Work item: Repeat all of the data word for word so that only the pictures are missing from the copy.

Given information:
★ ★ ★ ★ ★ ★ ★
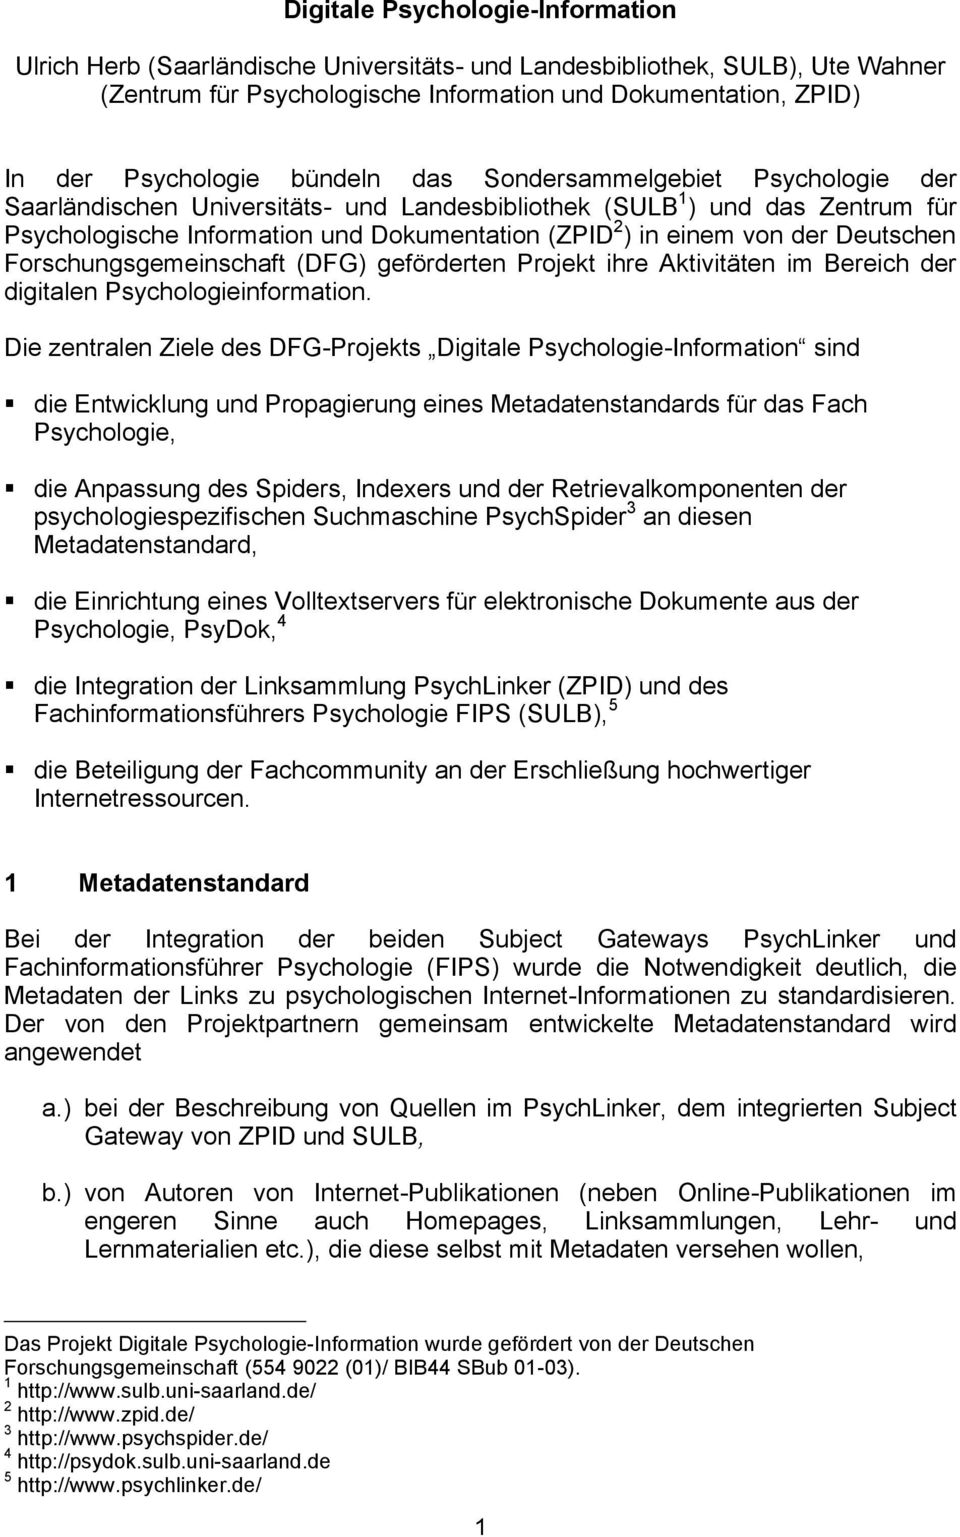 Deutschen Forschungsgemeinschaft (DFG) geförderten Projekt ihre Aktivitäten im Bereich der digitalen Psychologieinformation.
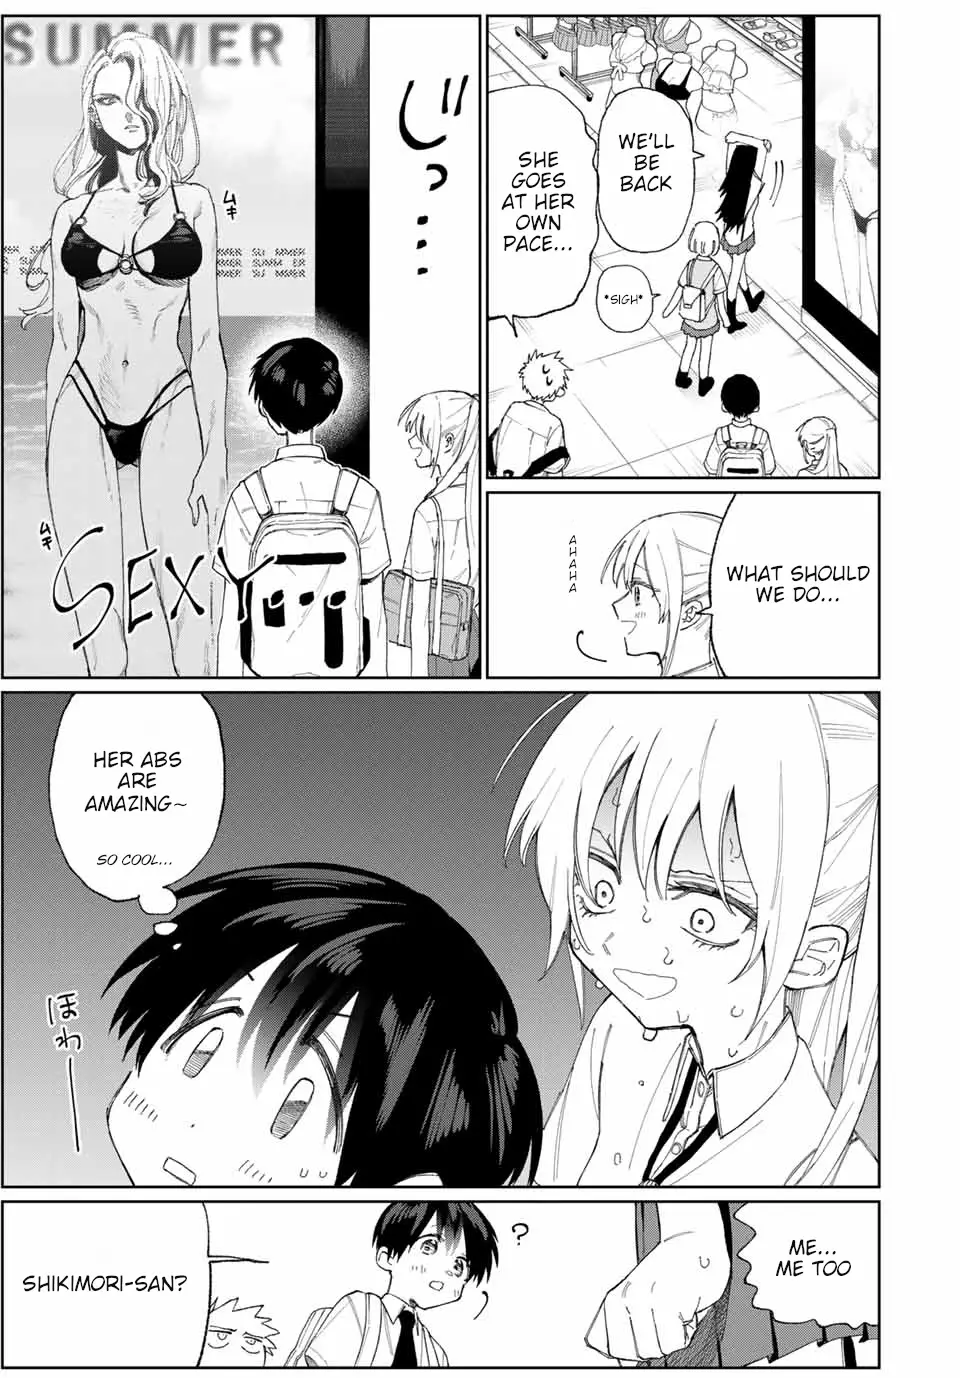 Shikimori's Not Just A Cutie - 27 page 6
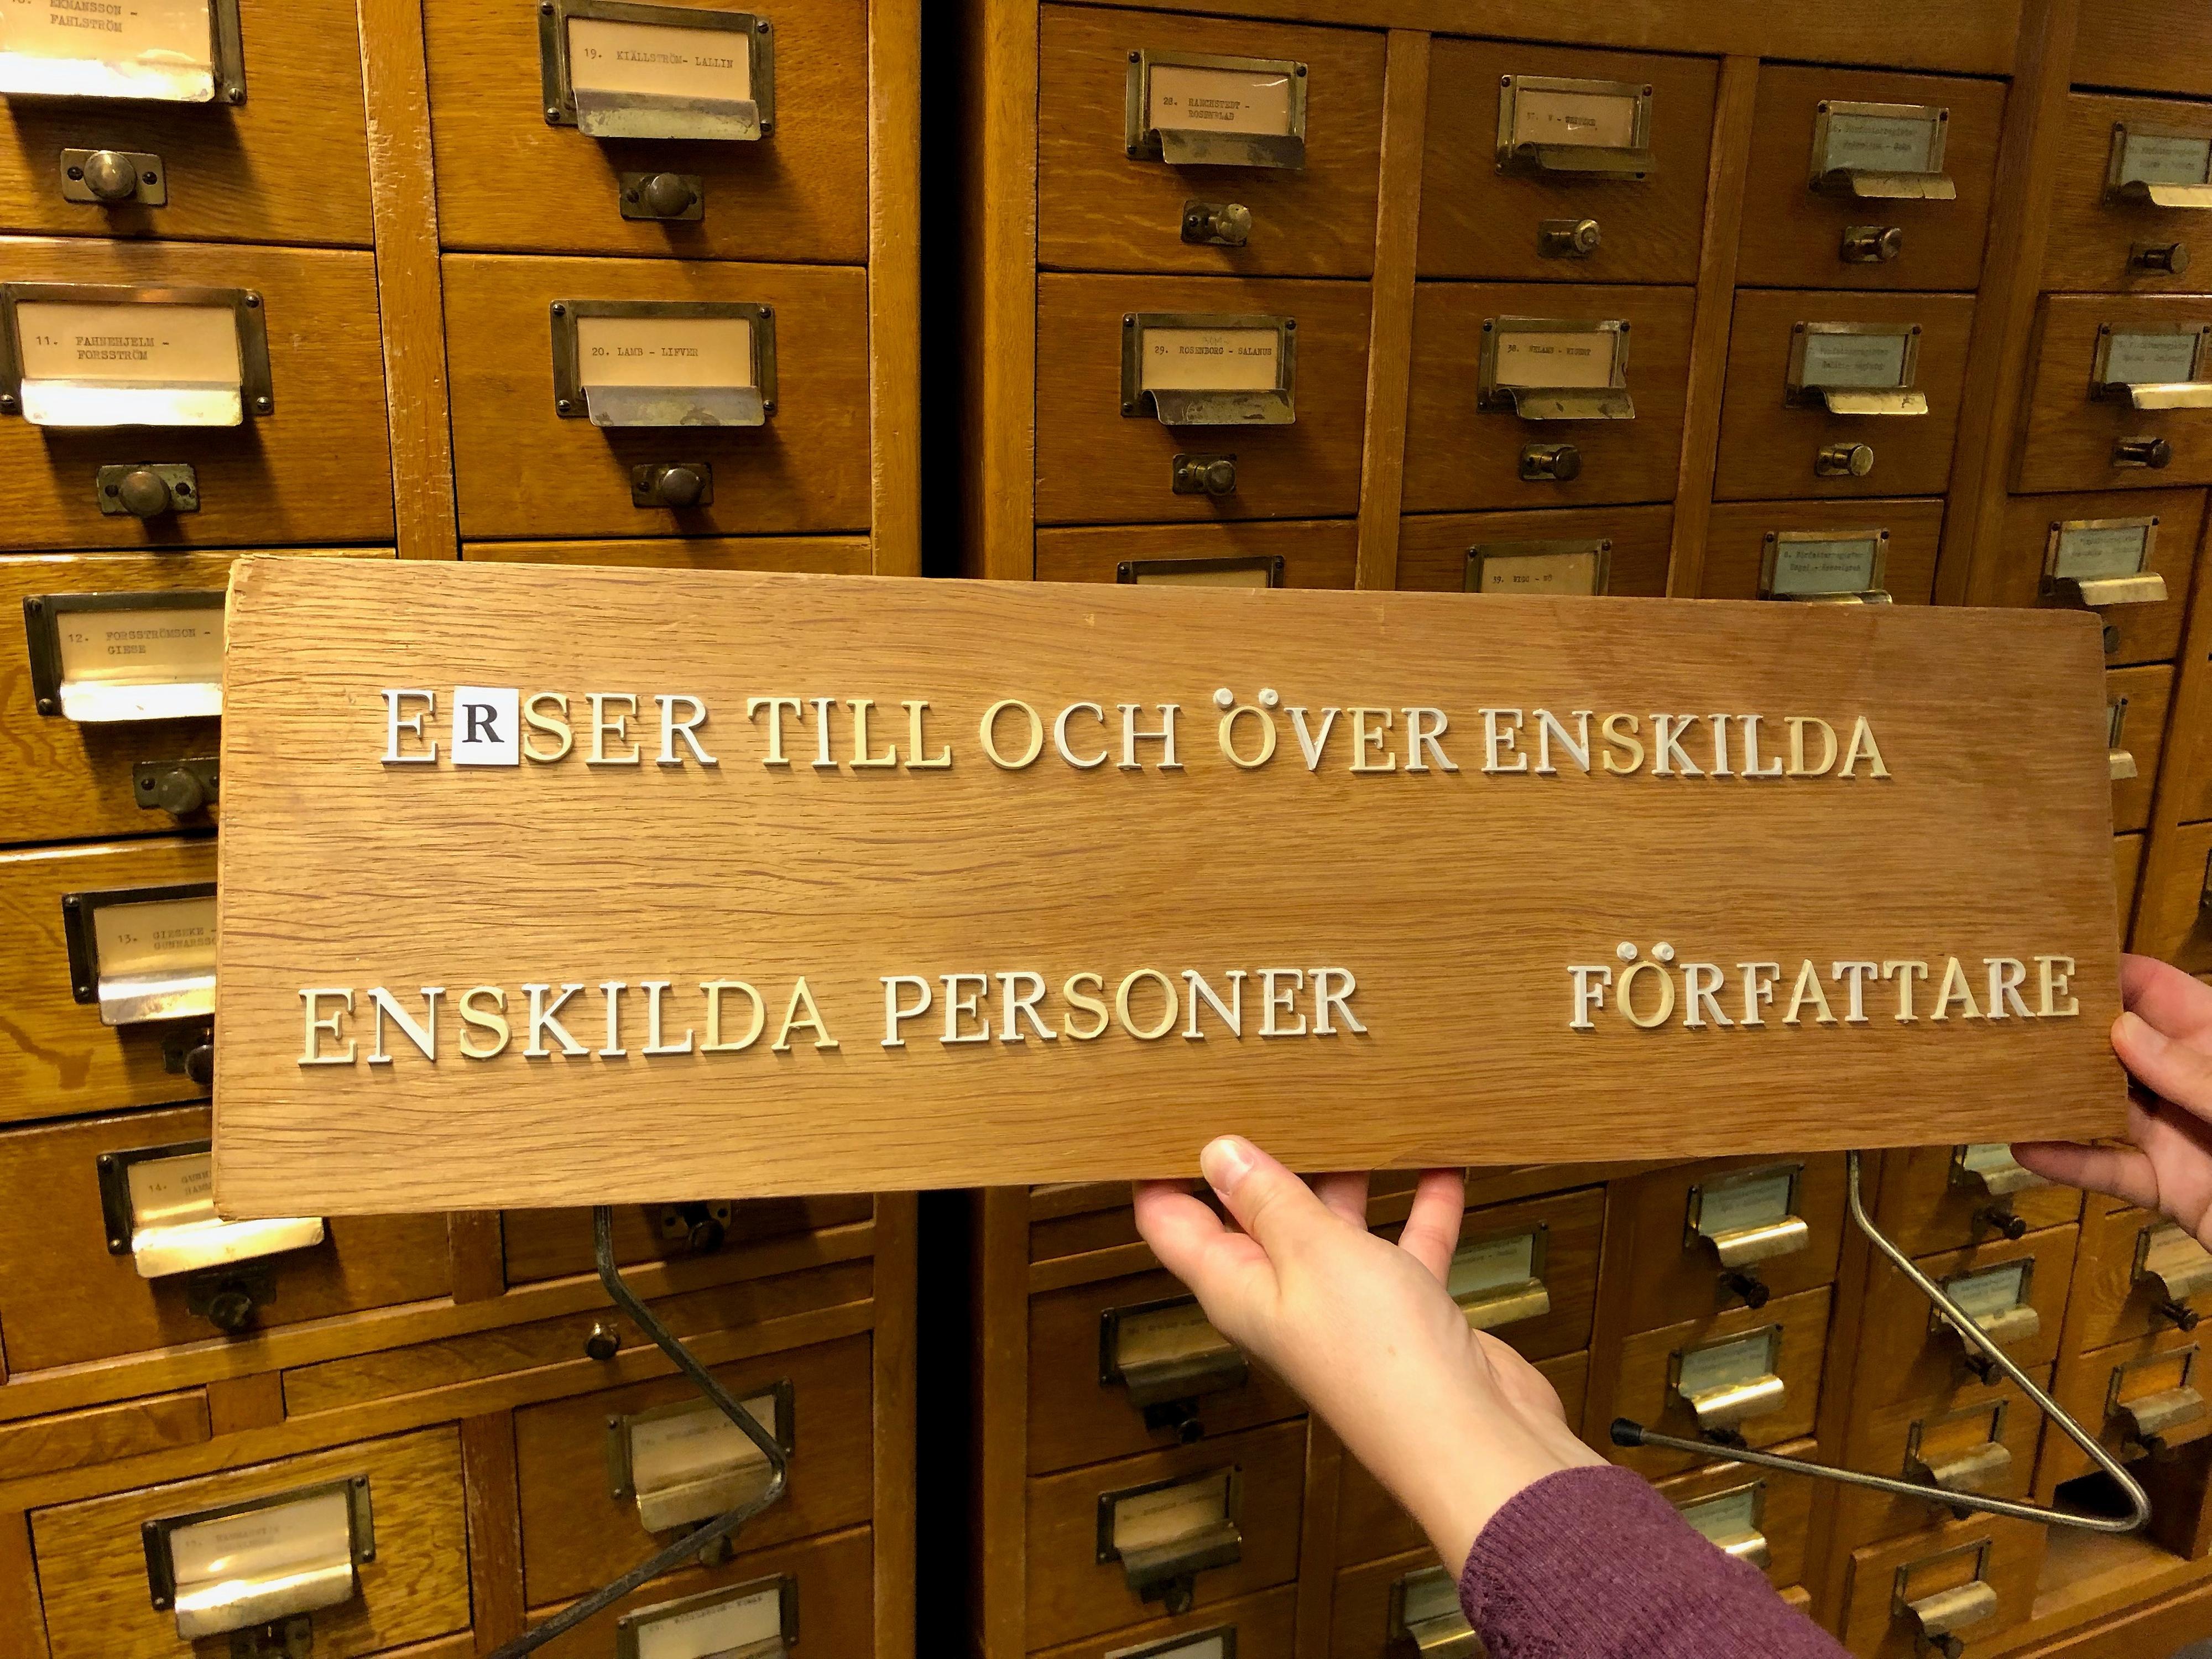 Två händer håller upp en äldre skylt i trä framför en kortkatalog. Texten på skylten lyder Verser till och över enskilda, enskilda personer författare. Någon bokstav saknas.
★ ★ ★ ★ ★ ★ ★
Finished task:
 Deutschen Forschungsgemeinschaft (DFG) geförderten Projekt ihre Aktivitäten im Bereich der digitalen Psychologieinformation.
 Shikimori's Not Just A Cutie - 27 page 6
 Två händer håller upp en äldre skylt i trä framför en kortkatalog. Texten på skylten lyder Verser till och över enskilda, enskilda personer författare. Någon bokstav saknas.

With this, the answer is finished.